PS (sorry if this is too much information!) With log_dev_level=3, I see a different log pattern starting around iteration 315… and notice how iteration 321 gets into endless loop to 329 and back:
DuPh2 315 -9.8922544906e+06
Iteration Objective Infeasibilities num(sum)
DuPh2 315 -9.8922544942e+06 Pr: 0(0); Du: 0(9.59158e-06) Synthetic clock
dual-phase-2-optimal
dual-cleanup-shift
Iteration Objective Infeasibilities num(sum)
DuPh2 315 -9.8922094863e+06 Pr: 0(0); Du: 11(0.00526849) Perturbation cleanup
HEkkDual:: Using primal simplex to try to clean up num / max / sum = 11 / 0.00150528 / 0.00526849 dual infeasibilities
primal-phase2-start
Iteration Objective Infeasibilities num(sum)
PrPh2 315 -9.8922094863e+06 Pr: 0(0); Du: 11(0.00526849) No reason
Iteration Objective
PrPh2 316 -9.8922094863e+06
PrPh2 317 -9.8922095206e+06
PrPh2 318 -9.8922095231e+06
PrPh2 319 -9.8922095921e+06
PrPh2 320 -9.8922095921e+06
PrPh2 321 -9.8922096347e+06
Iteration Objective Infeasibilities num(sum)
PrPh2 321 -9.8922096347e+06 Pr: 0(0); Du: 0(9.7114e-09) Possibly optimal
primal-phase-2-optimal
problem-optimal
Simplex iterations: DuPh2 315; PrPh2 6; Total 321
EKK dual simplex solver returns 0 primal and 0 dual infeasibilities: Status Optimal
Have num/max/sum primal (11/0.000985222/0.00263214) and dual (0/6.62359e-12/4.58177e-11) unscaled infeasibilities
Using EKK parallel dual simplex solver - PAMI with concurrency of 8
Dual feasible with unperturbed costs and num / max / sum primal infeasibilities of 11 / 0.000985222 / 0.00263214, so near-optimal
Near-optimal, so don't use cost perturbation
dual-phase-2-start
Iteration Objective Infeasibilities num(sum)
DuPh2 321 -9.8922096347e+06 Pr: 11(0.00263214); Du: 0(4.58177e-11) No reason
Iteration Objective
DuPh2 322 -9.8922096347e+06
DuPh2 323 -9.8922096347e+06
DuPh2 324 -9.8922096347e+06
DuPh2 325 -9.8922096347e+06
DuPh2 326 -9.8922096347e+06
DuPh2 327 -9.8922096347e+06
DuPh2 328 -9.8922096347e+06
Iteration Objective Infeasibilities num(sum)

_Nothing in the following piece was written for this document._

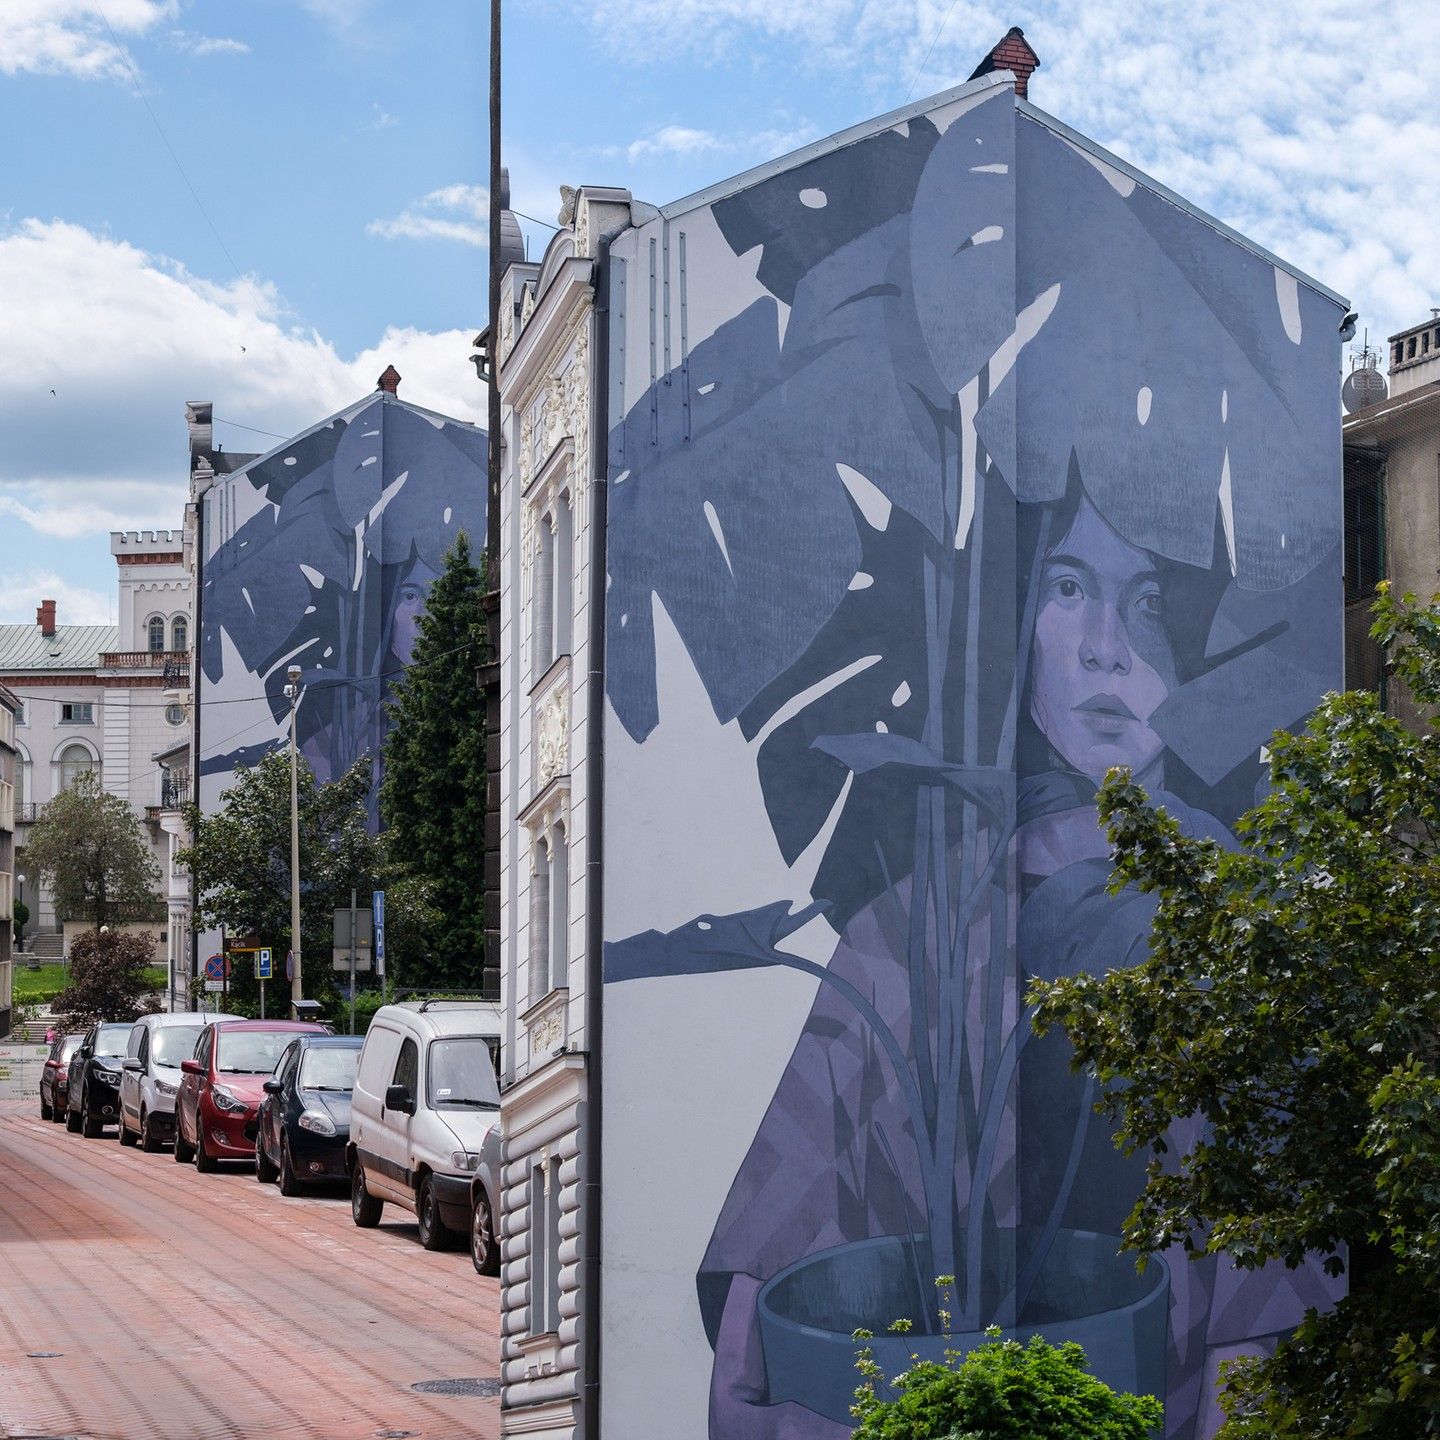 Blue Monday 

#bielskobiala #mural #streetart #poland

DuPh2 321 -9.8922096347e+06 Pr: 11(0.00263214); Du: 0(4.58191e-11) Possibly singular basis
DuPh2 322 -9.8922096347e+06
DuPh2 323 -9.8922096347e+06
DuPh2 324 -9.8922096347e+06
DuPh2 325 -9.8922096347e+06
DuPh2 326 -9.8922096347e+06
DuPh2 327 -9.8922096347e+06
DuPh2 328 -9.8922096347e+06
DuPh2 329 -9.8922096347e+06
WARNING: Increasing Markowitz threshold to 0.5
Iteration Objective Infeasibilities num(sum)
DuPh2 321 -9.8922096347e+06 Pr: 11(0.00263214); Du: 0(4.58191e-11) Possibly singular basis
DuPh2 322 -9.8922096347e+06
...
(and so on and on and on)
Would you mind sharing the MPS file, particularly if you observe this issue when you debug in VSCode? I am wondering if I can replicate the hanging behaviour if I try to solve the MPS file from our C++ generated executable directly. The occasional hanging may be related to the threads bug on Windows, which is now observed both from Julia and Python and now C#. It must be something in the C++ code underneath the wrappers and it would be very helpful if I can replicate this
@galabovaa thank you for looking into this! Here's the mps file that caused this issue back in January: LP-problem.zip
Please note that since then we've changed our logic to calling highs.exe instead of calling the DLL from C#, as the DLL proved to be too unreliable for production usage. The .exe has its issues too, as you noted in the other ticket.